=== RECORDS FOR THIS EXERCISE ===
□ □ □ □

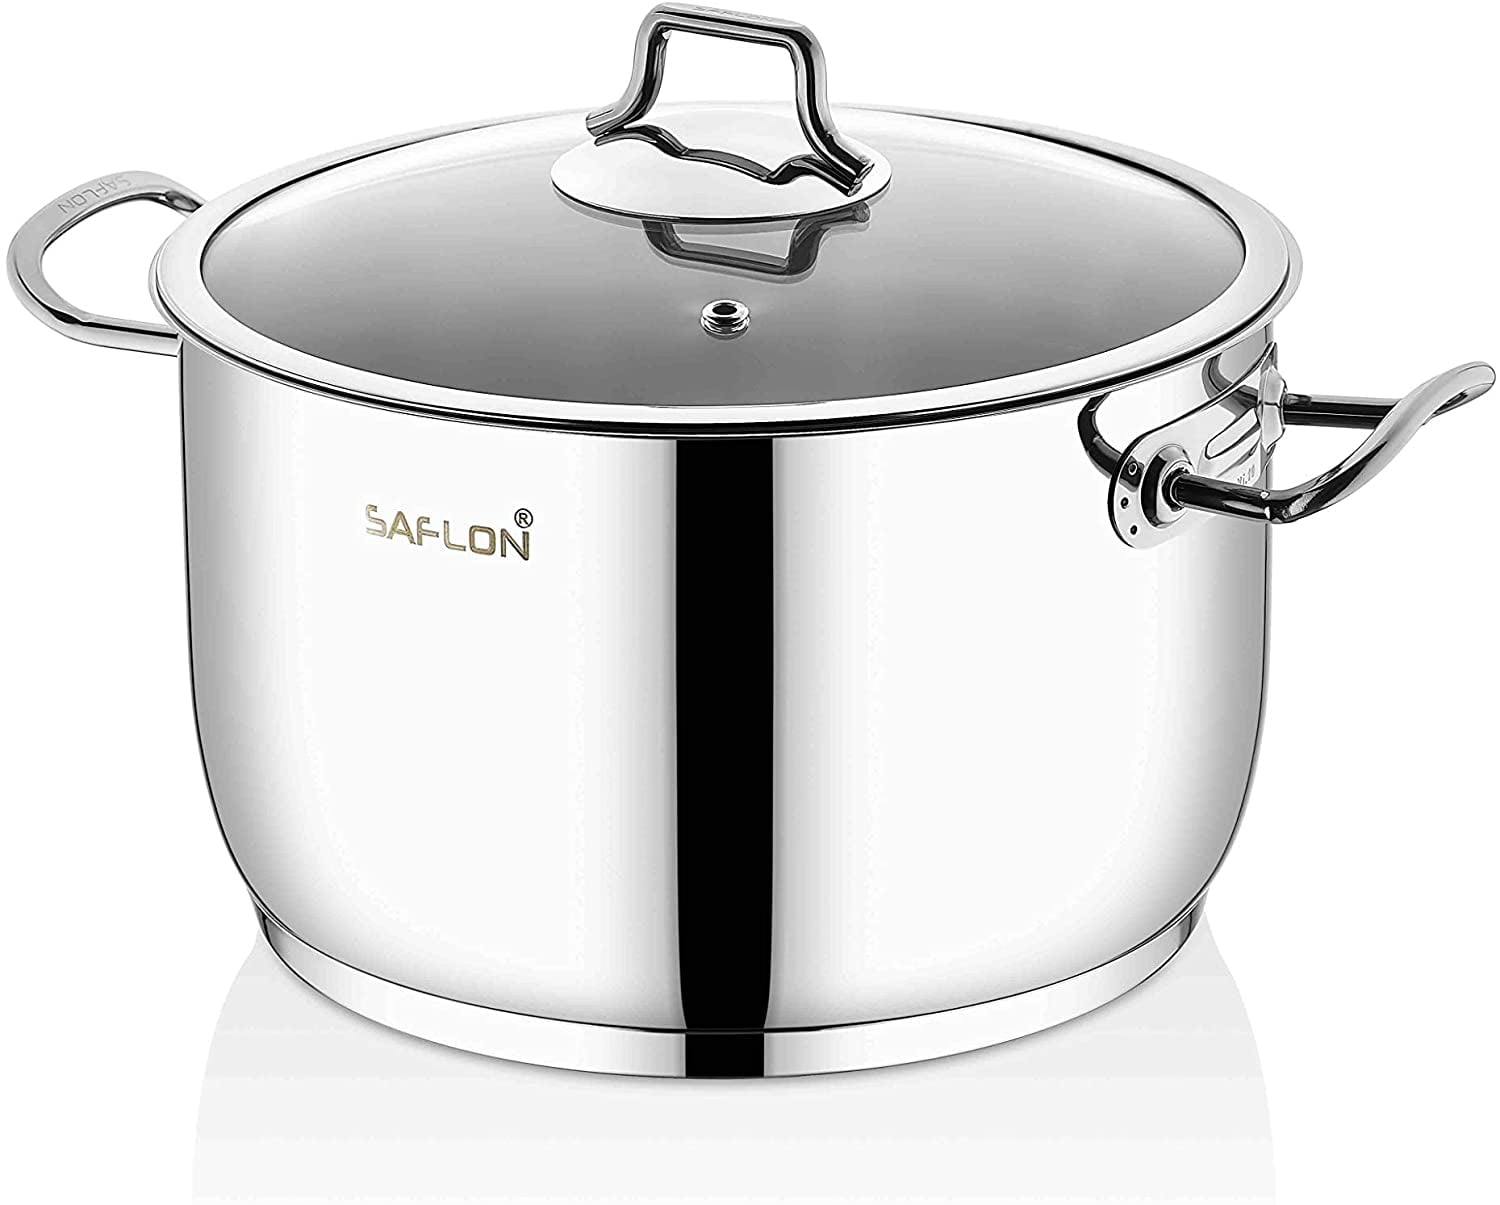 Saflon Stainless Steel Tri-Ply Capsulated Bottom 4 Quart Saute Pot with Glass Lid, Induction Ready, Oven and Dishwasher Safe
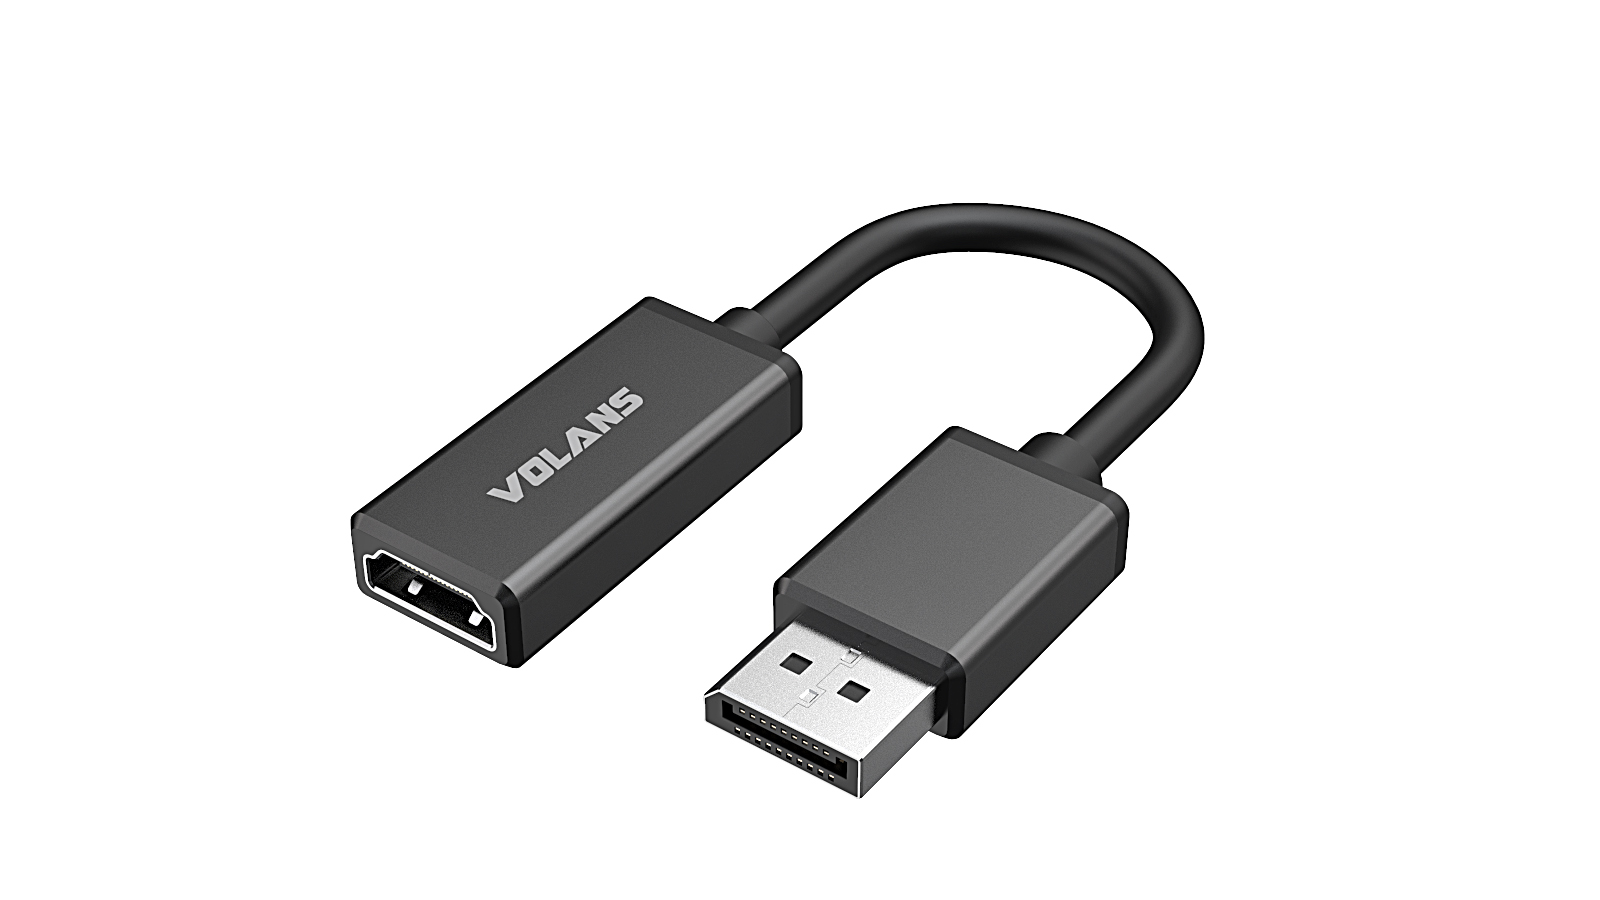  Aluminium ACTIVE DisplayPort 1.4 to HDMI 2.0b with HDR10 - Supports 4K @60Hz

□ □ □ □

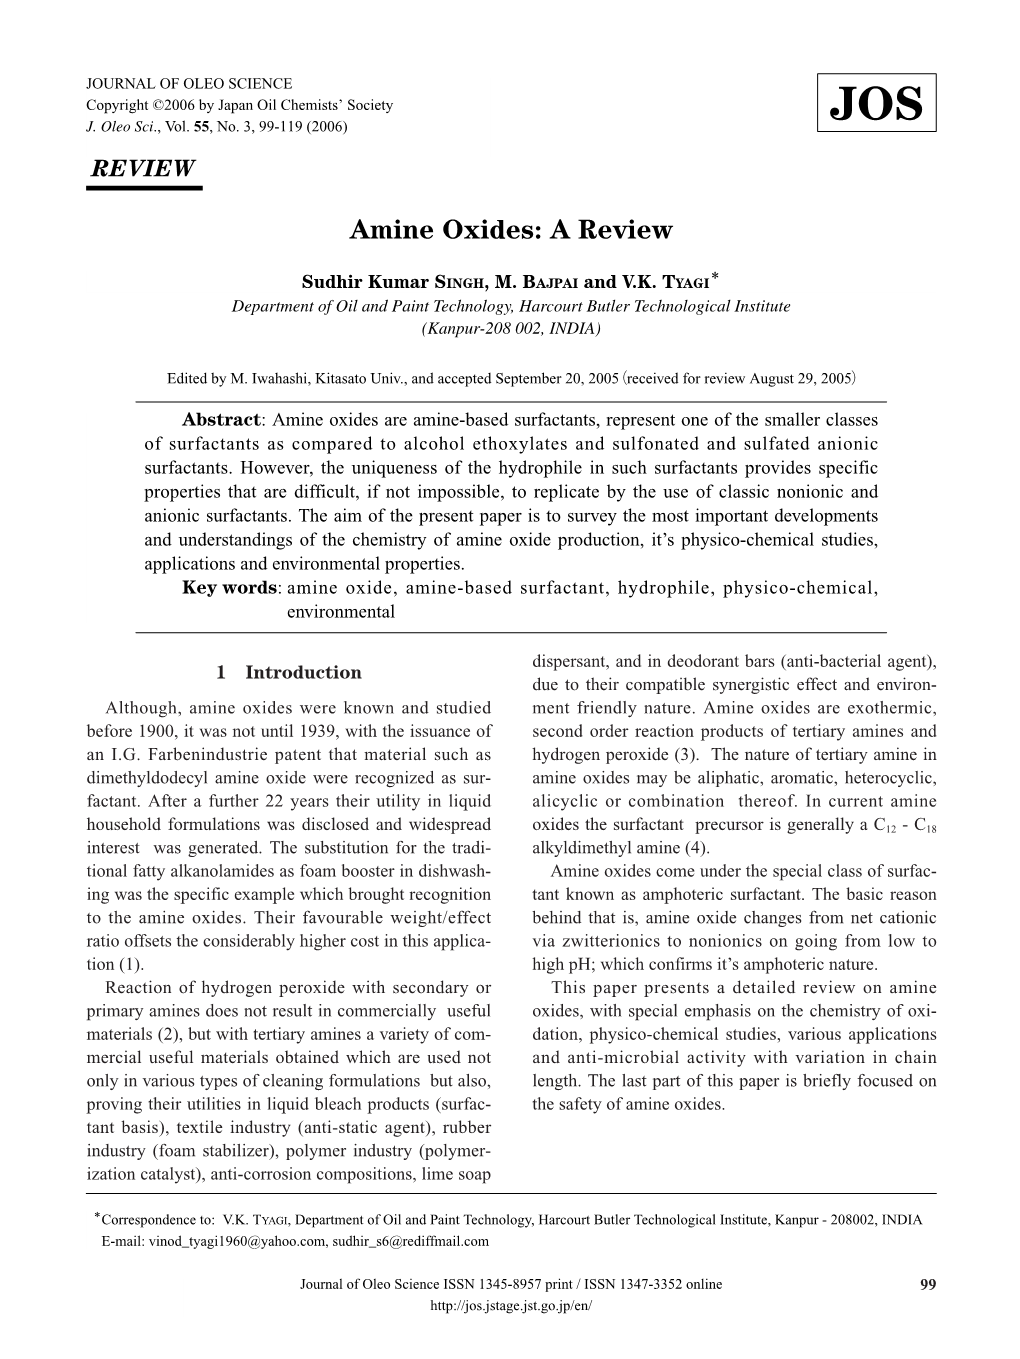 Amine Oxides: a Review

□ □ □ □

=== WHAT THE TASK ASKS ===
Within the material above, find the part that opens with the line containing "Saflon Stainless Steel" and closes with the line containing "Aluminium ACTIVE DisplayPort", and reproduce it exactly without the pictures.

=== EXPECTED ANSWER ===
 Saflon Stainless Steel Tri-Ply Capsulated Bottom 4 Quart Saute Pot with Glass Lid, Induction Ready, Oven and Dishwasher Safe
  Aluminium ACTIVE DisplayPort 1.4 to HDMI 2.0b with HDR10 - Supports 4K @60Hz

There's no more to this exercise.